--- DATASET EXTRACT ---
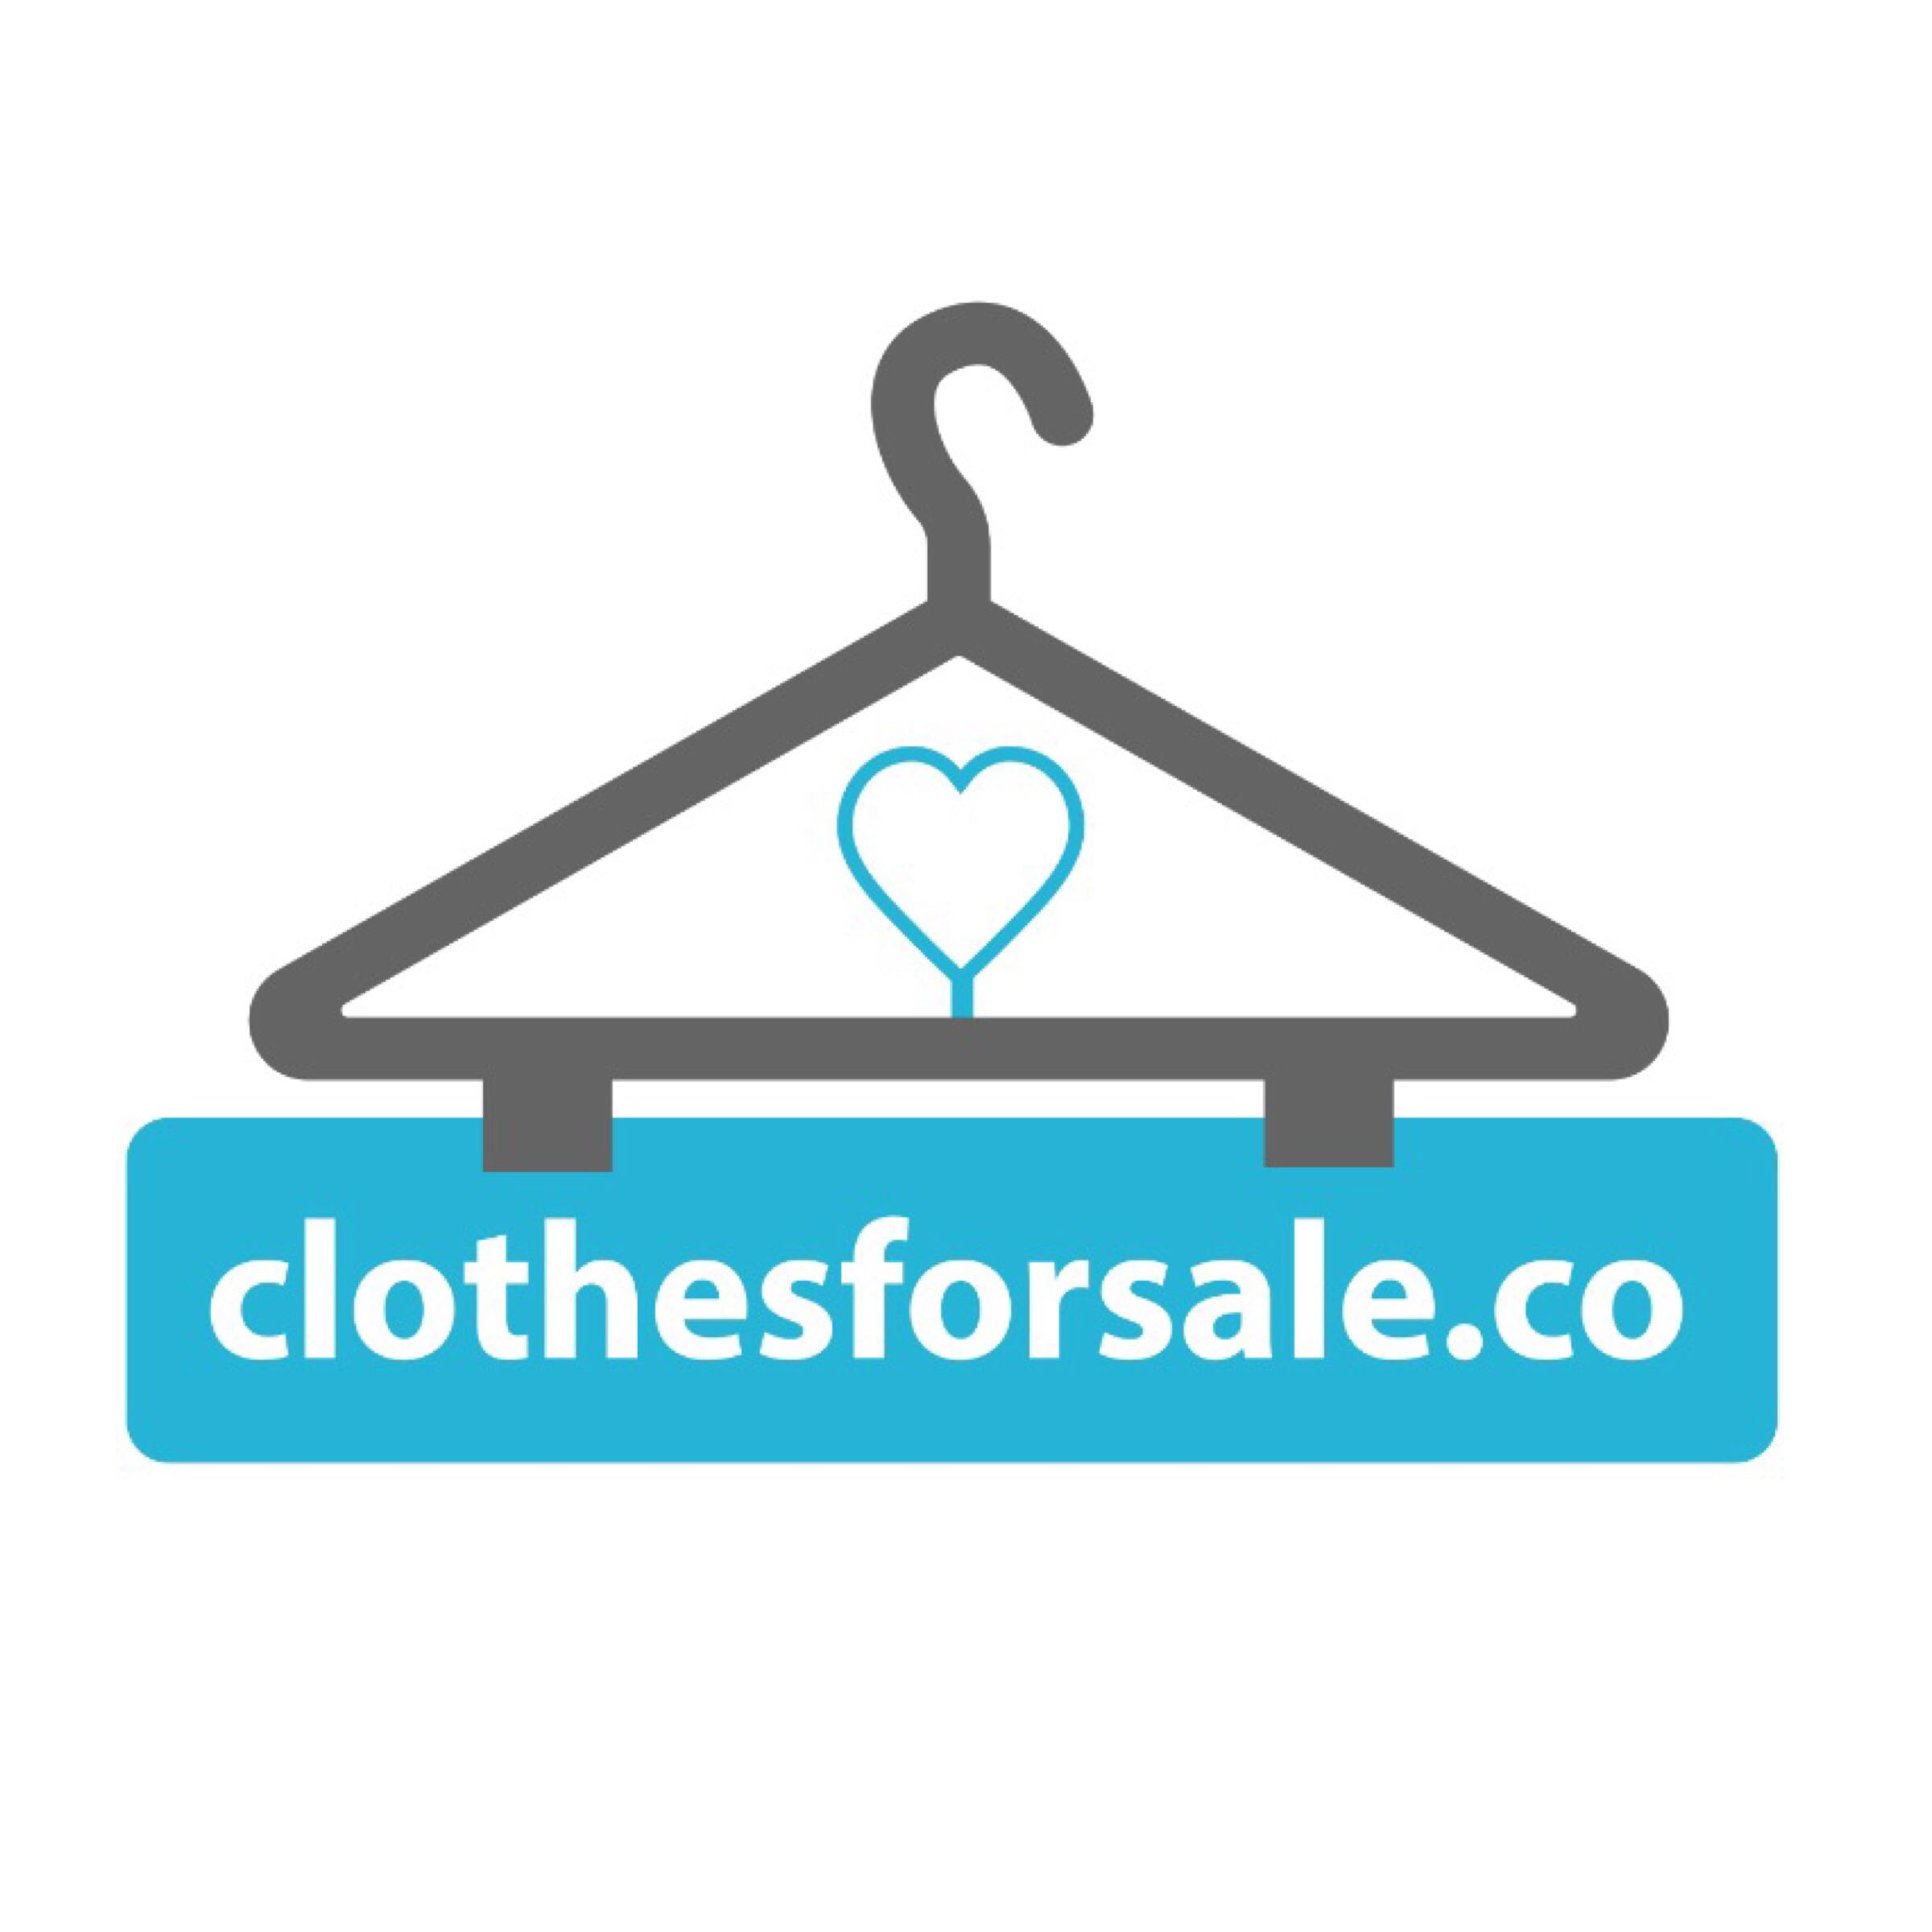 clothesforsale.co
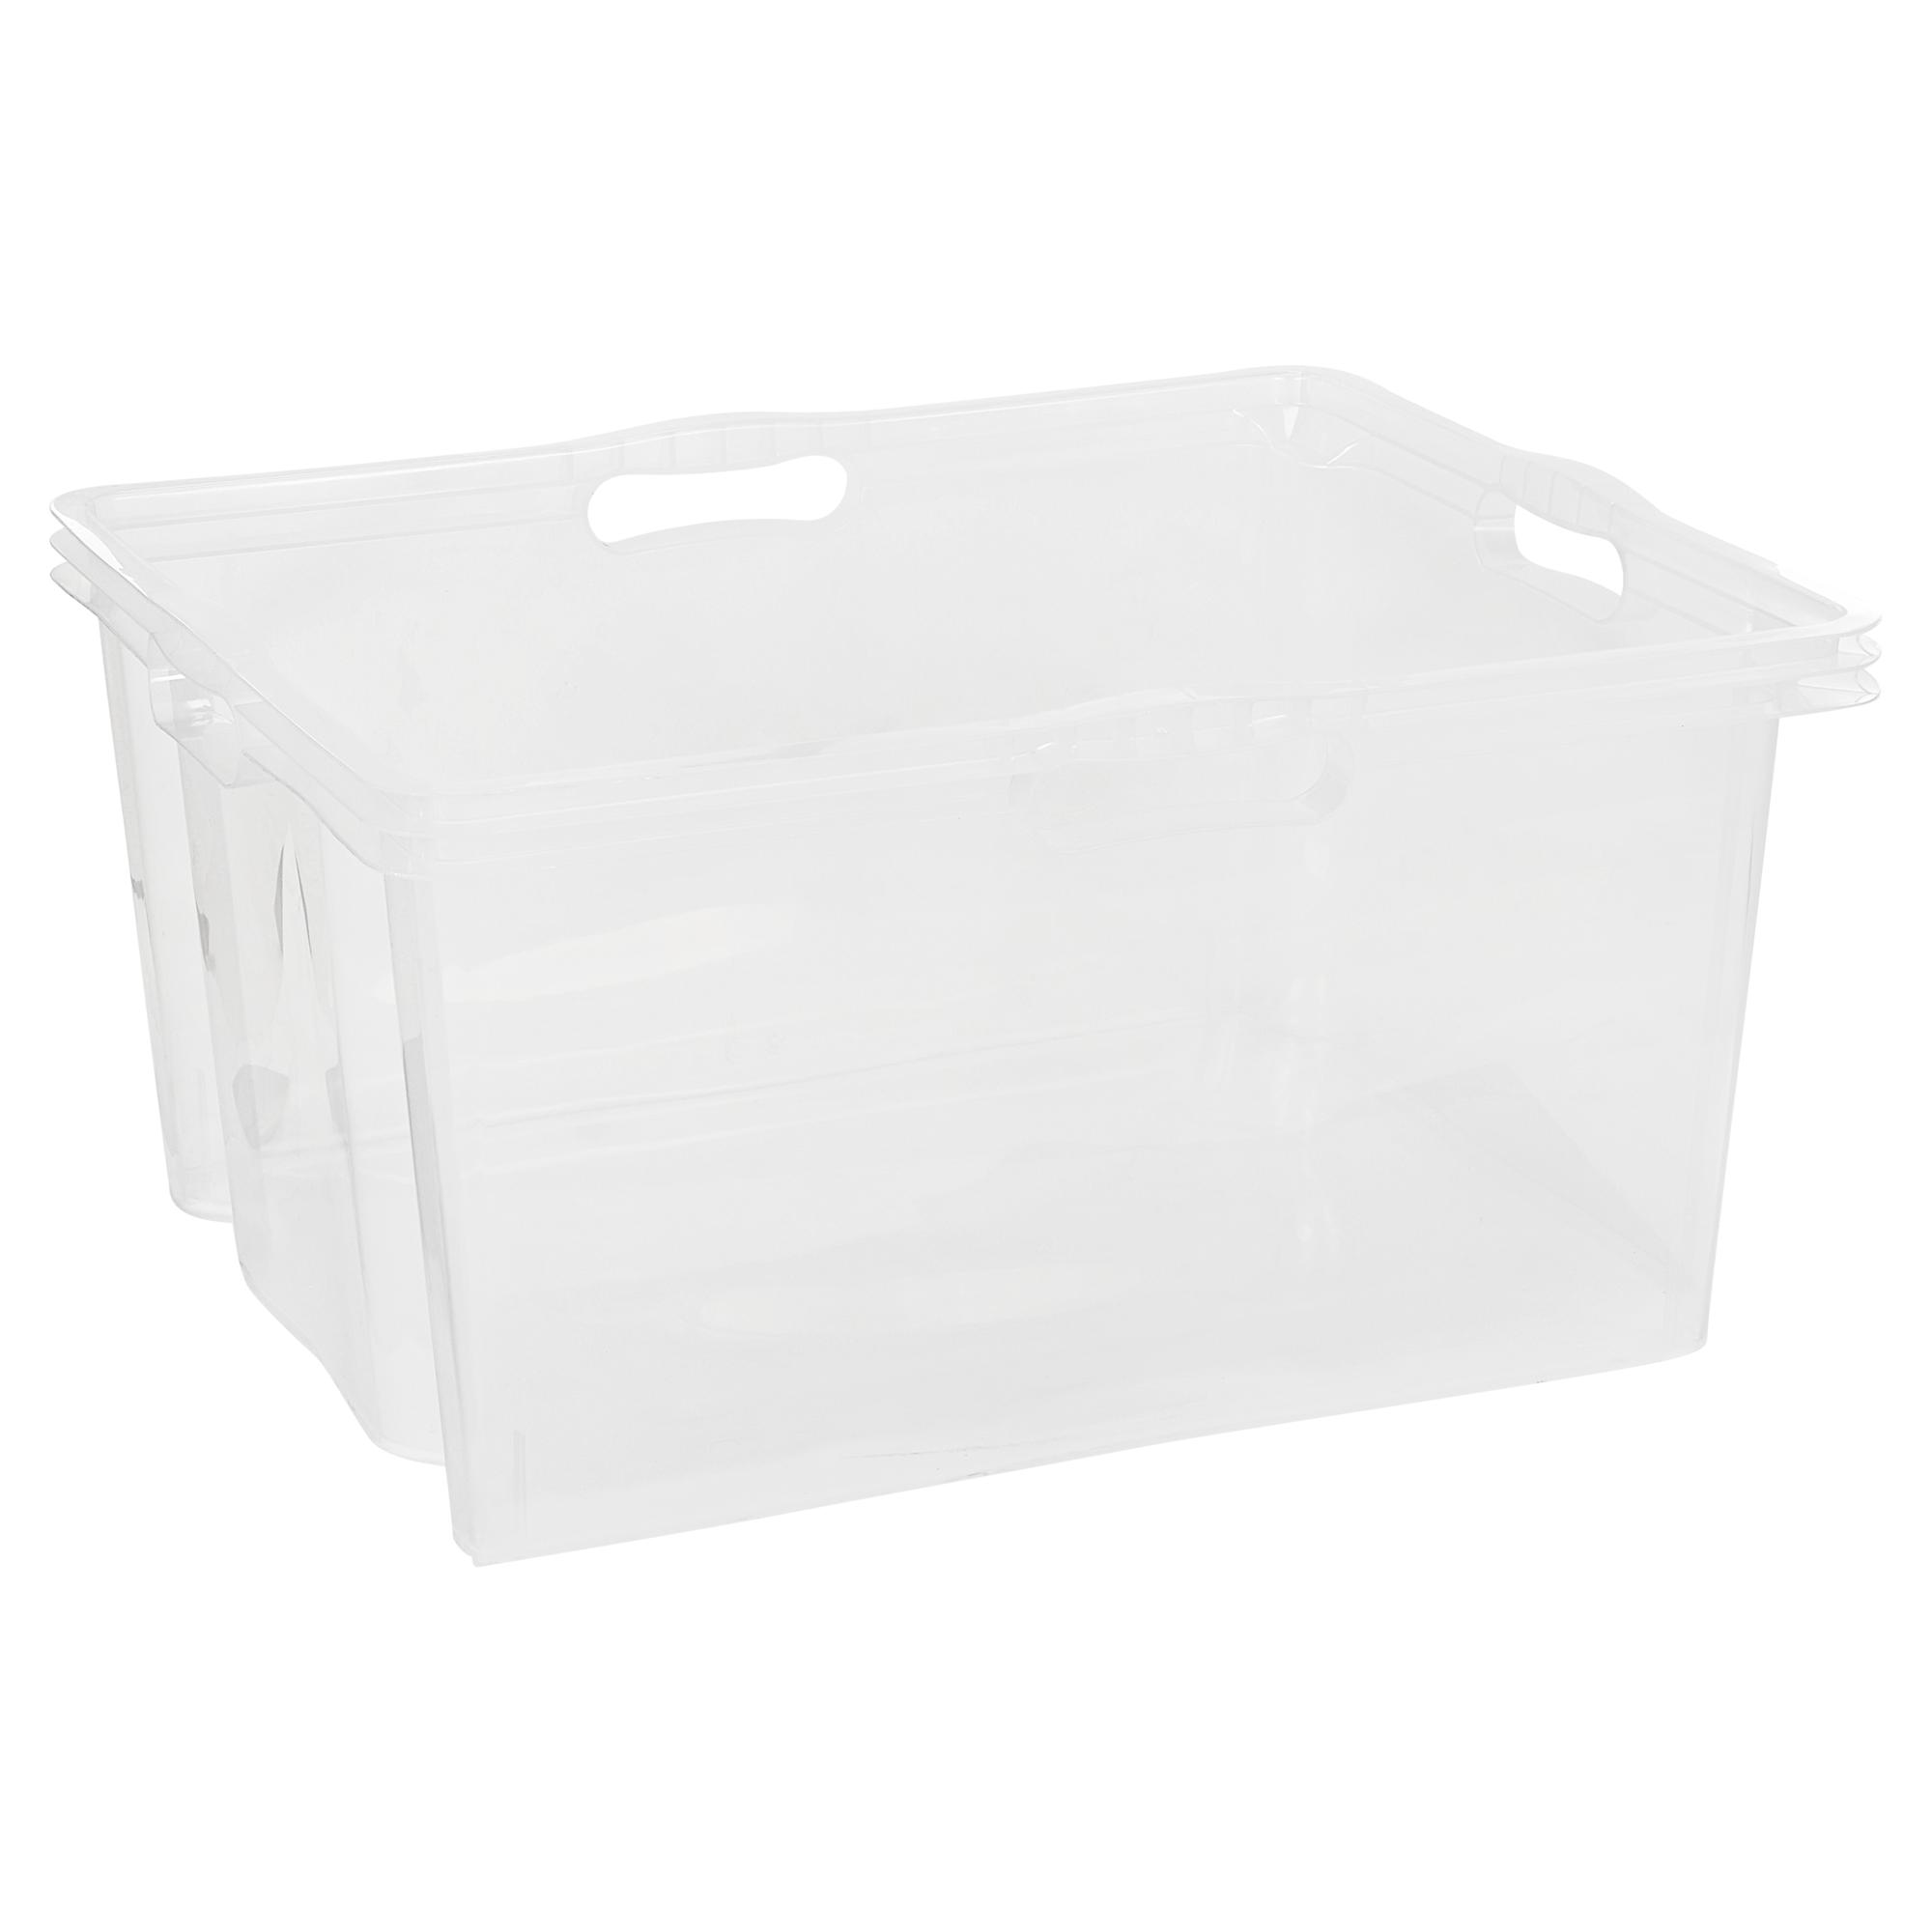 4 Stück 60x40x 22cm Lagerboxen Stapelboxen Kunststoffkisten UNISTA Kunststoffbox
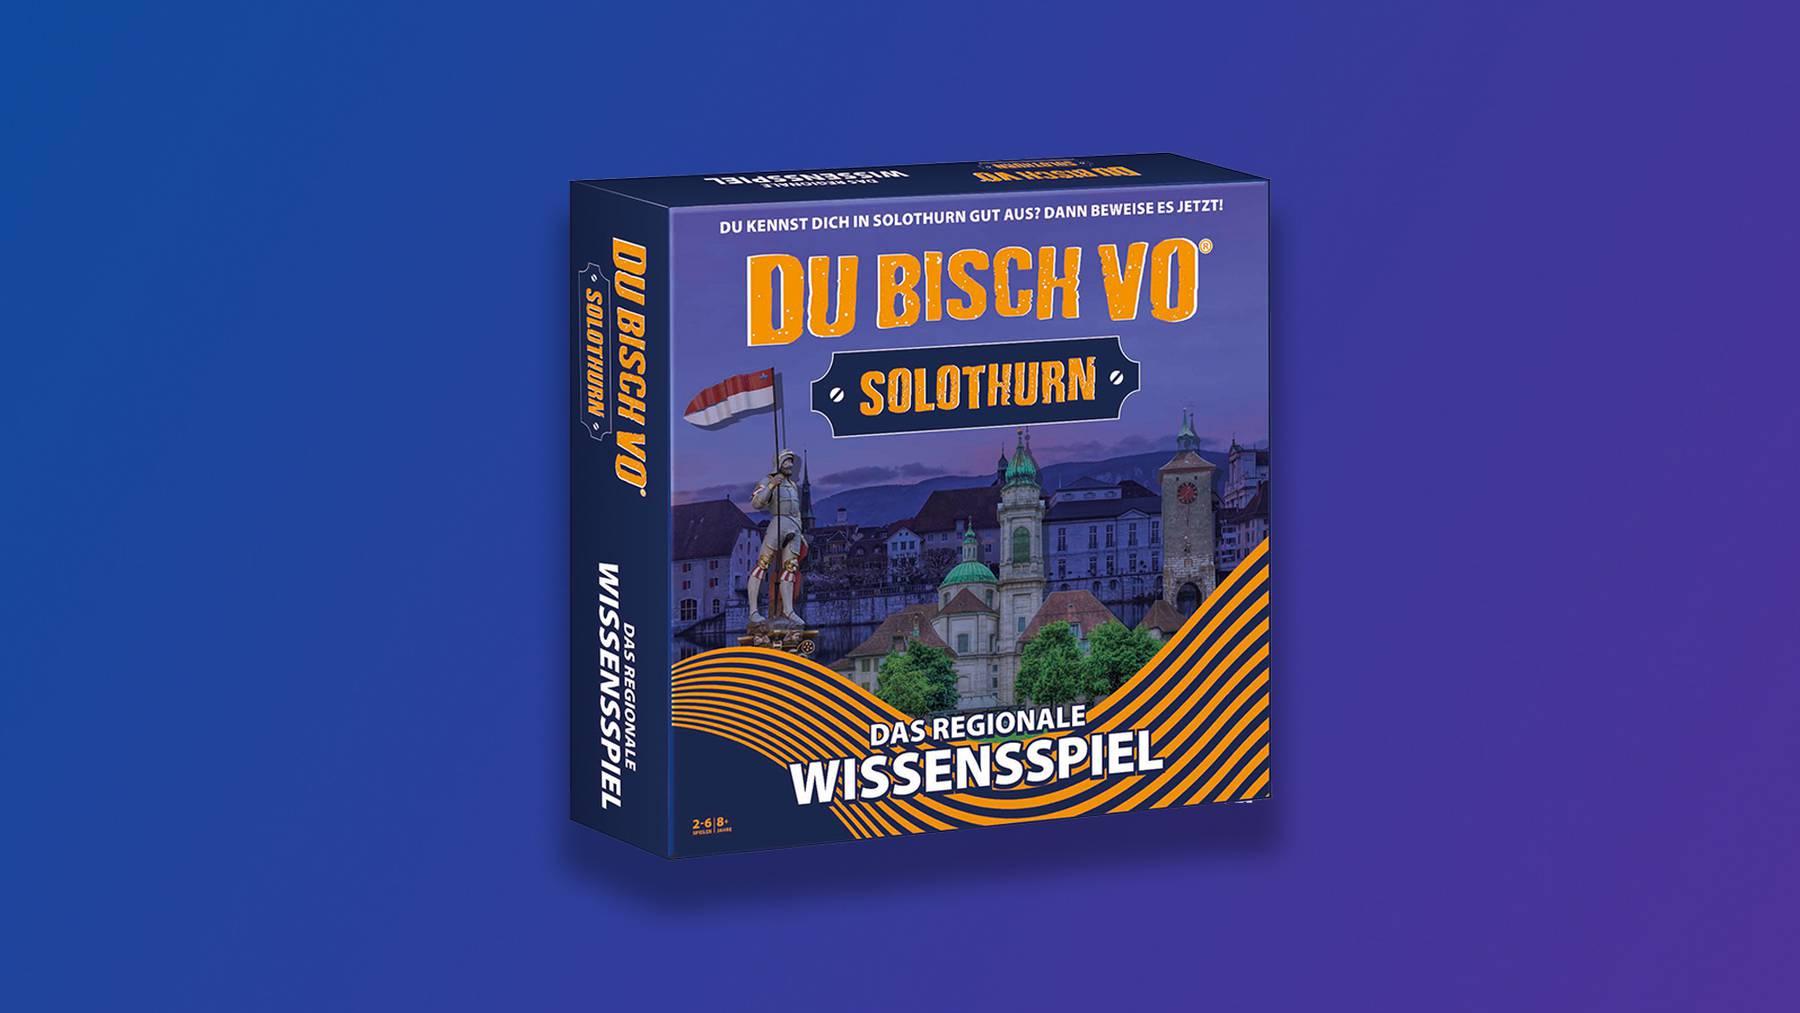 Mockup Du Bisch Vo Solothurn 2021

--- EXERCISE DESCRIPTION ---
Only the pictures are to be left out; write out all the other data exactly.

--- WRITTEN SOLUTION ---
 clothesforsale.co
 4 Stück 60x40x 22cm Lagerboxen Stapelboxen Kunststoffkisten UNISTA Kunststoffbox
 Mockup Du Bisch Vo Solothurn 2021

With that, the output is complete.